● Extracted information:
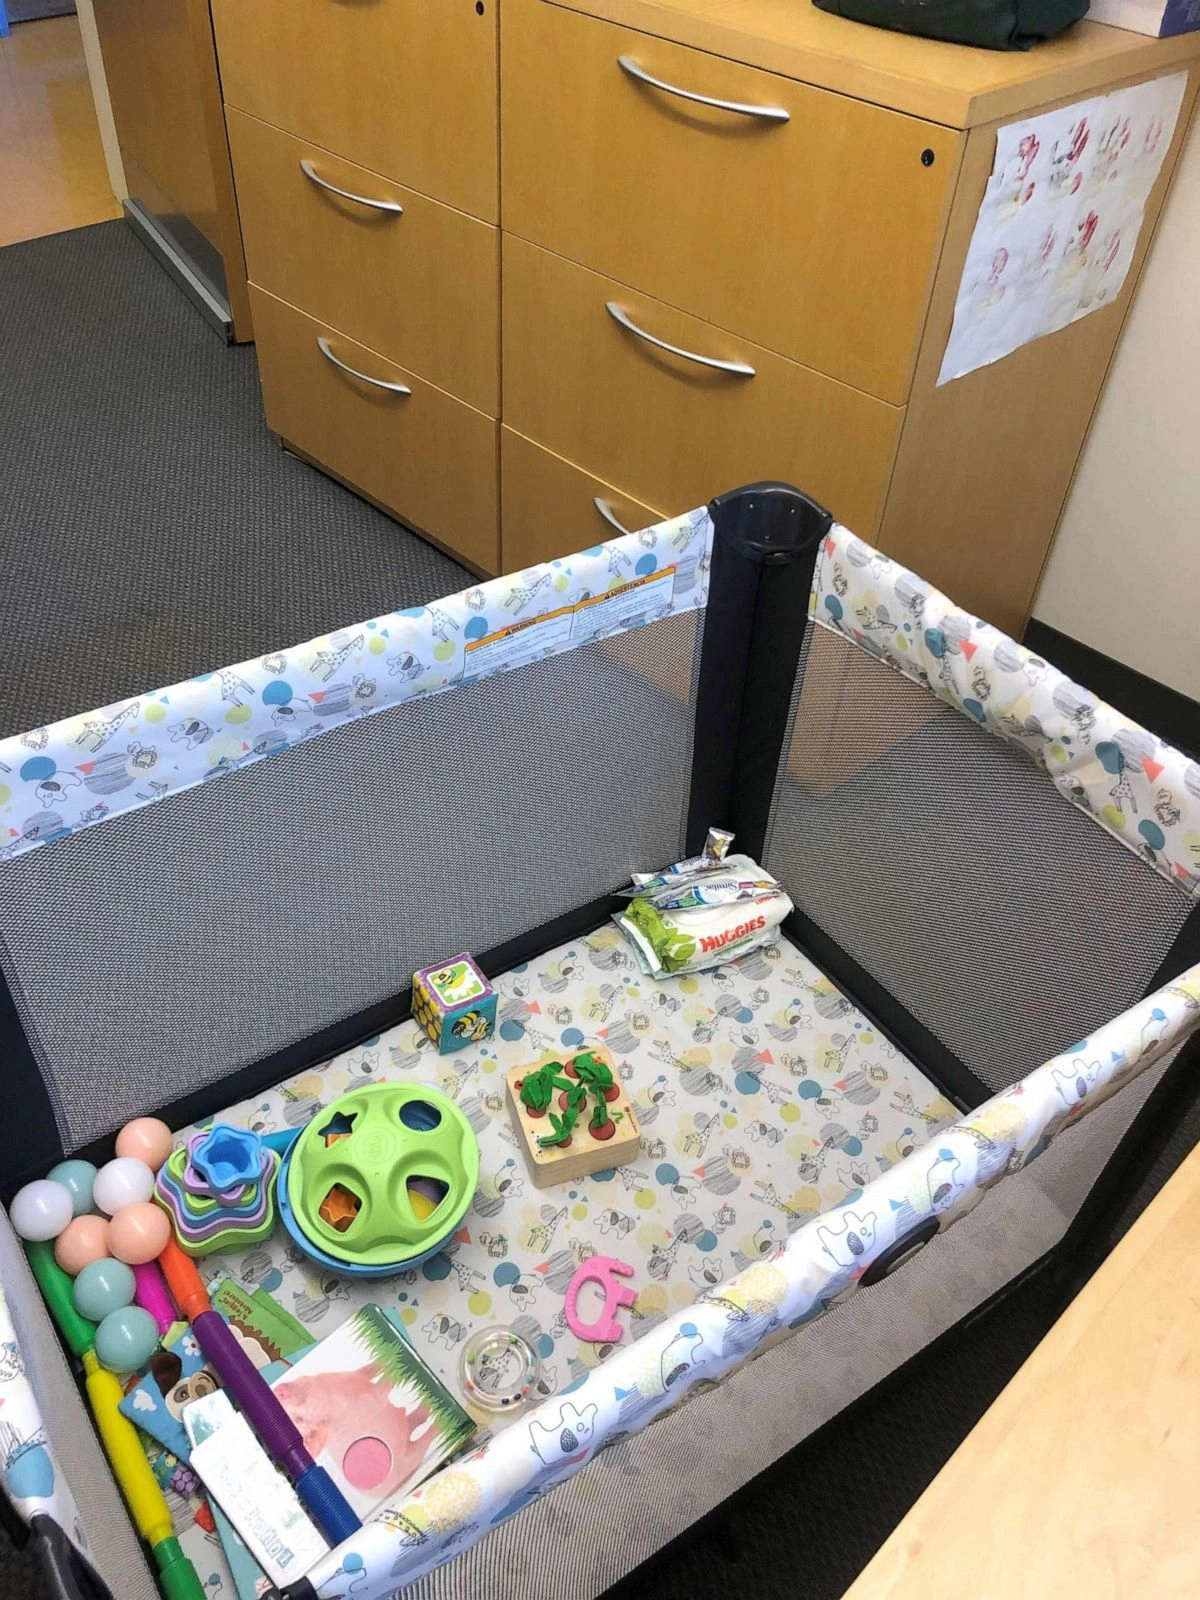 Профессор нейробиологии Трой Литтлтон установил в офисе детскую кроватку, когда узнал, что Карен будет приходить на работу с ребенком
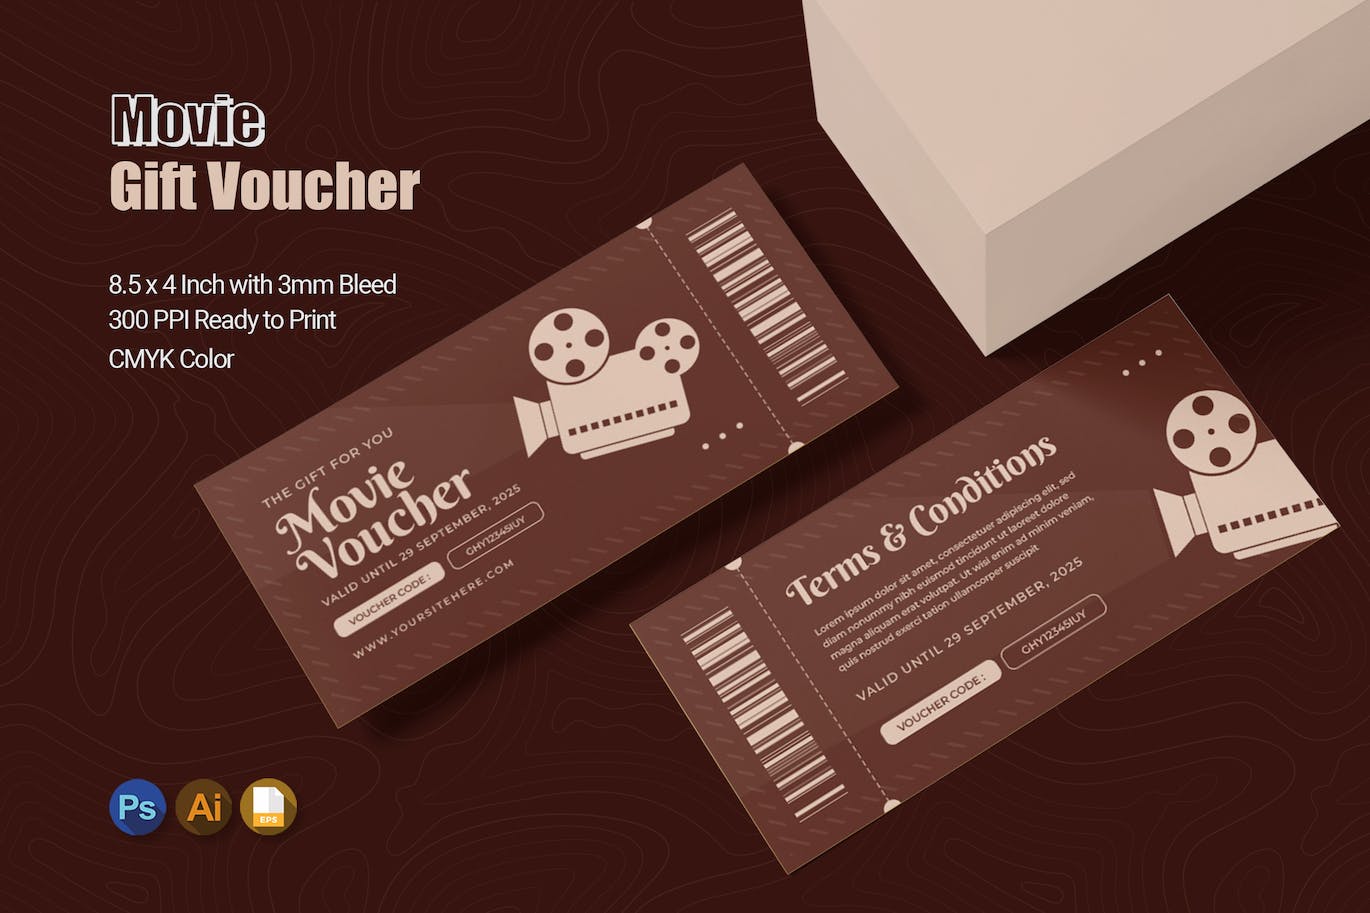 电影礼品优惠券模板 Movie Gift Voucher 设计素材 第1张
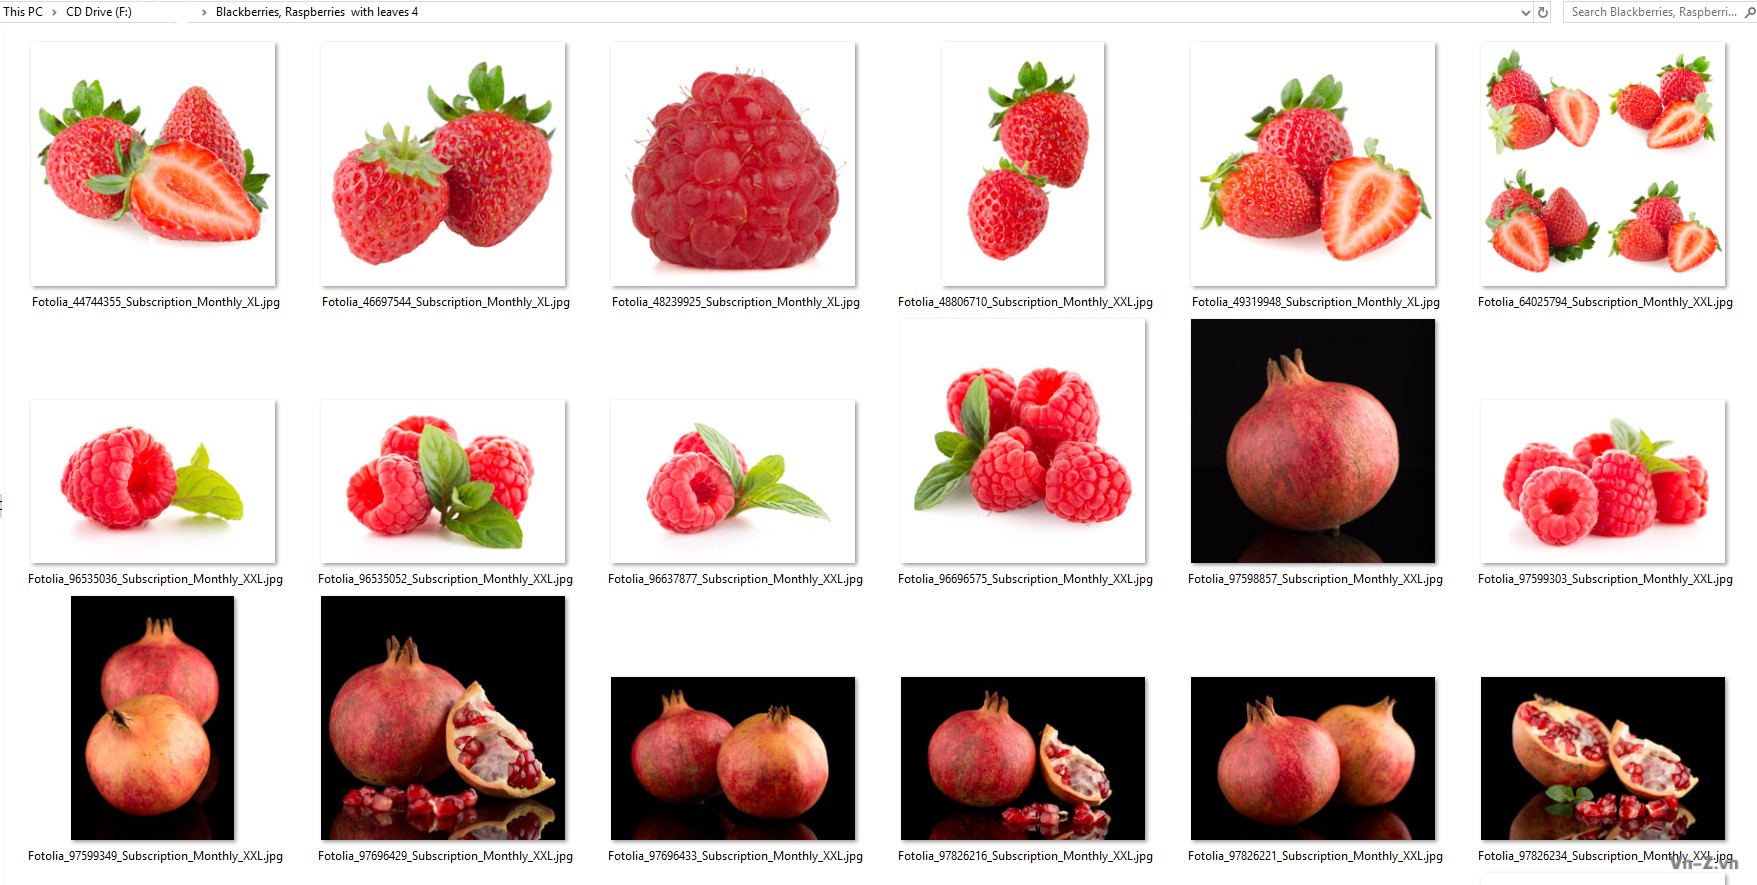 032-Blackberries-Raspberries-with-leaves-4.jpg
* * *
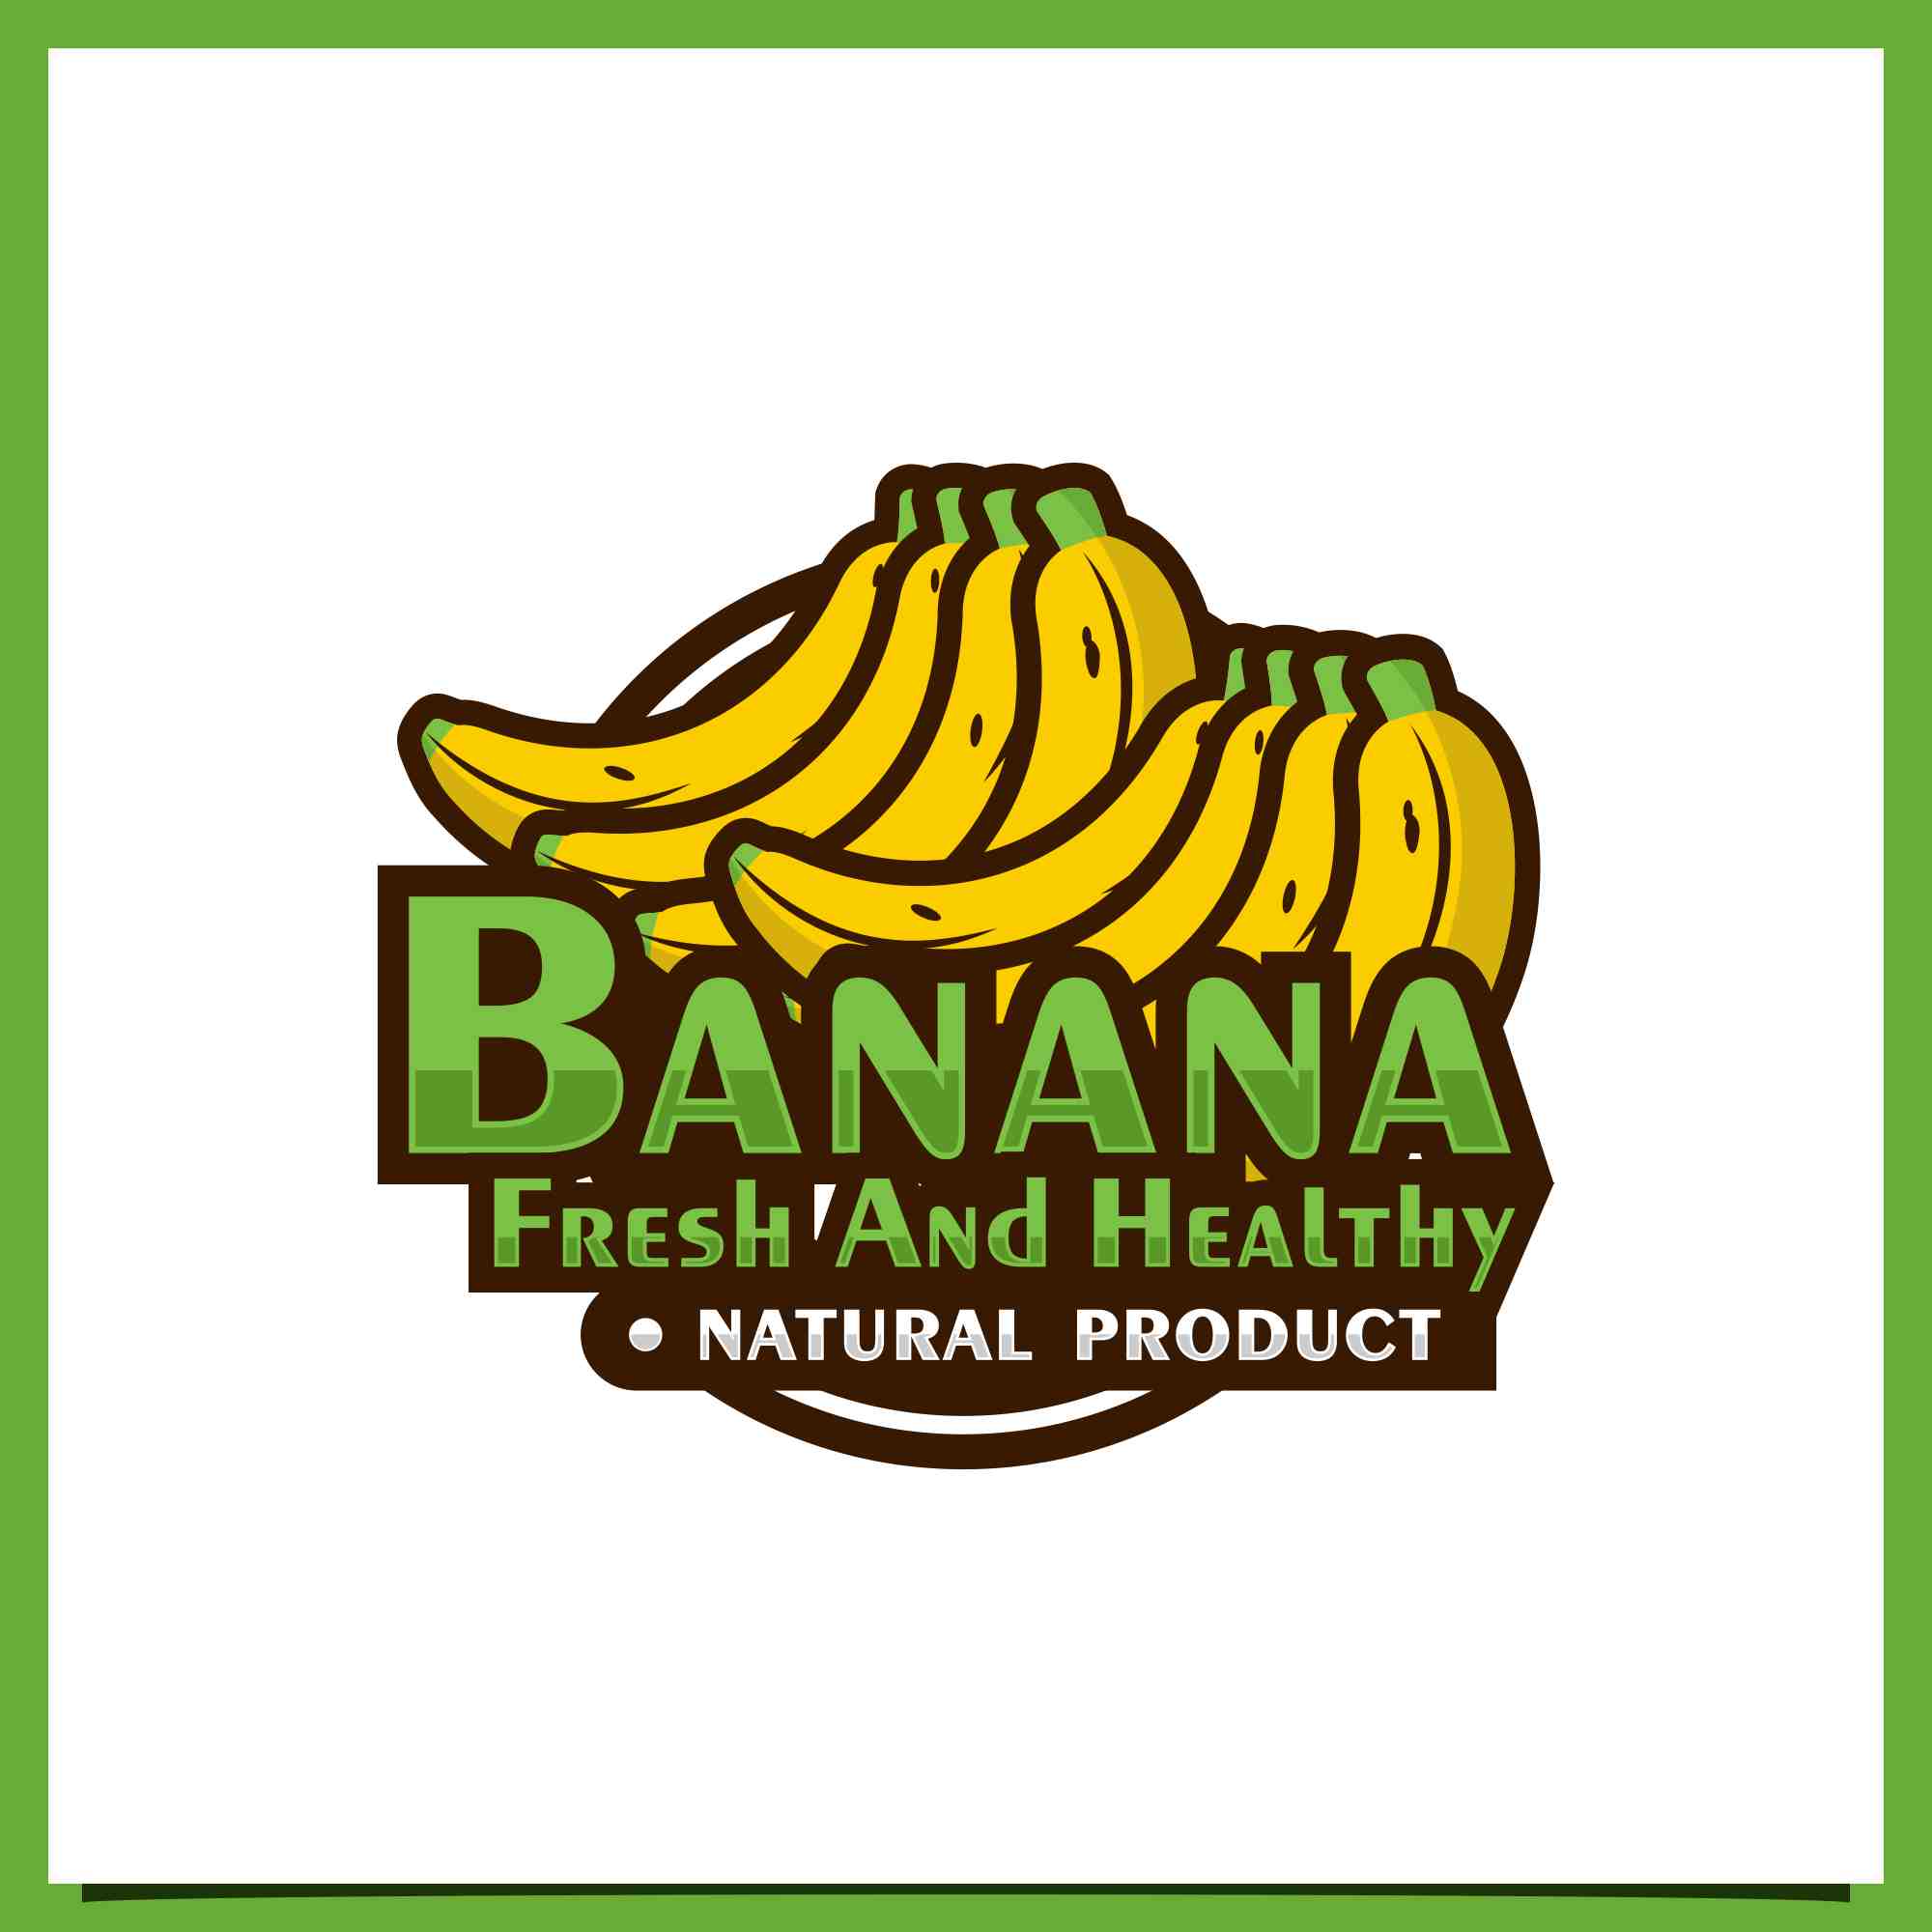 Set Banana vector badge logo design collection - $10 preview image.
...
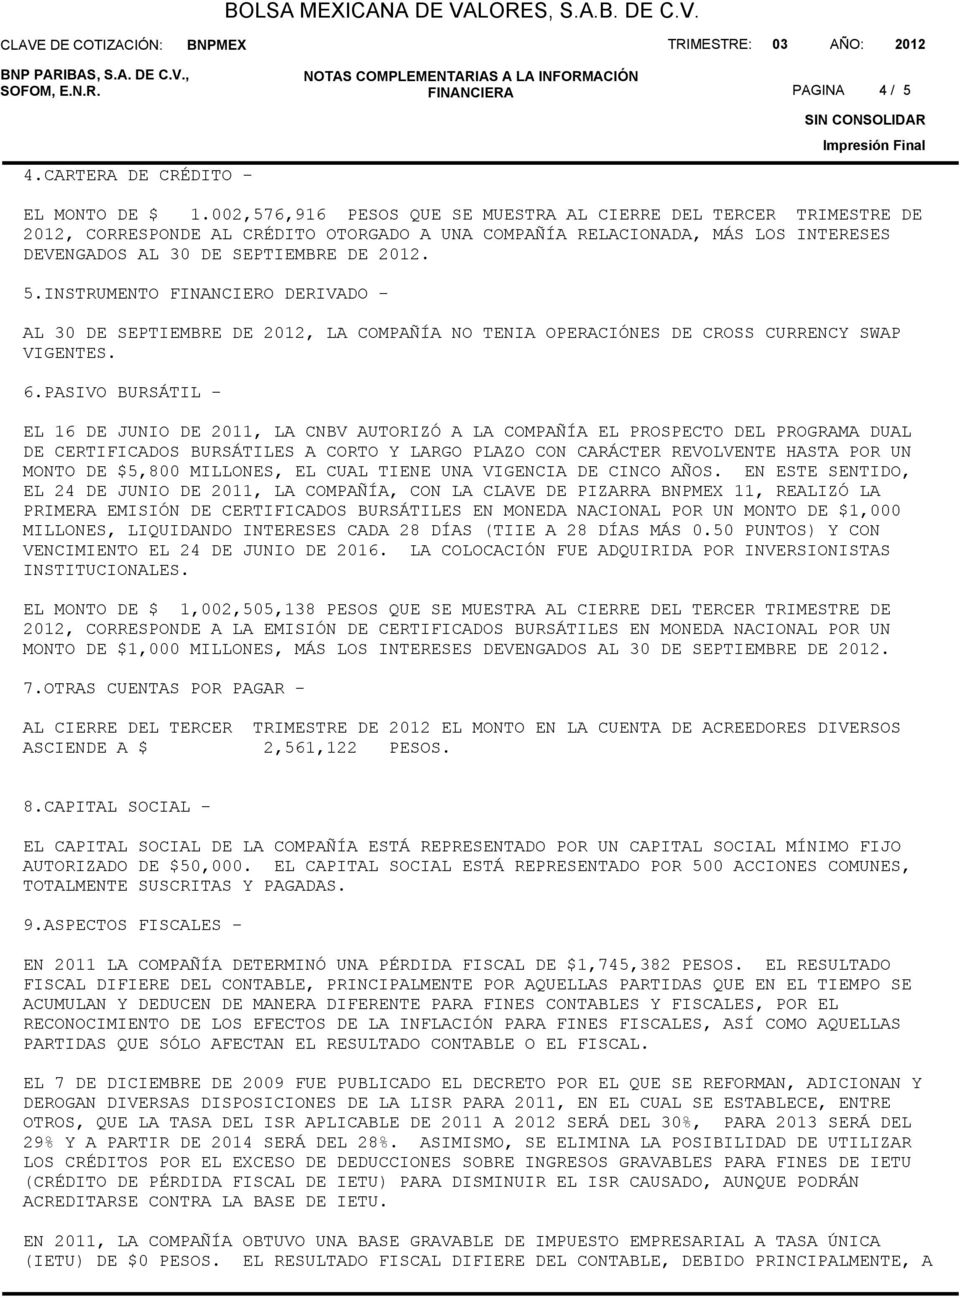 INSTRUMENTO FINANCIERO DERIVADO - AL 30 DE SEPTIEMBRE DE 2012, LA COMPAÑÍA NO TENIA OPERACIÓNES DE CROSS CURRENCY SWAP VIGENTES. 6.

● Your instructions: Your task is to copy only the lines above starting at the one containing "Профессор нейробиологии Трой" and ending at the one containing "032-Blackberries-Raspberries-with-leaves-4.jpg". Copy them exactly, both ends included, and omit the pictures.

● Result for this exercise:
 Профессор нейробиологии Трой Литтлтон установил в офисе детскую кроватку, когда узнал, что Карен будет приходить на работу с ребенком
 电影礼品优惠券模板 Movie Gift Voucher 设计素材 第1张
 032-Blackberries-Raspberries-with-leaves-4.jpg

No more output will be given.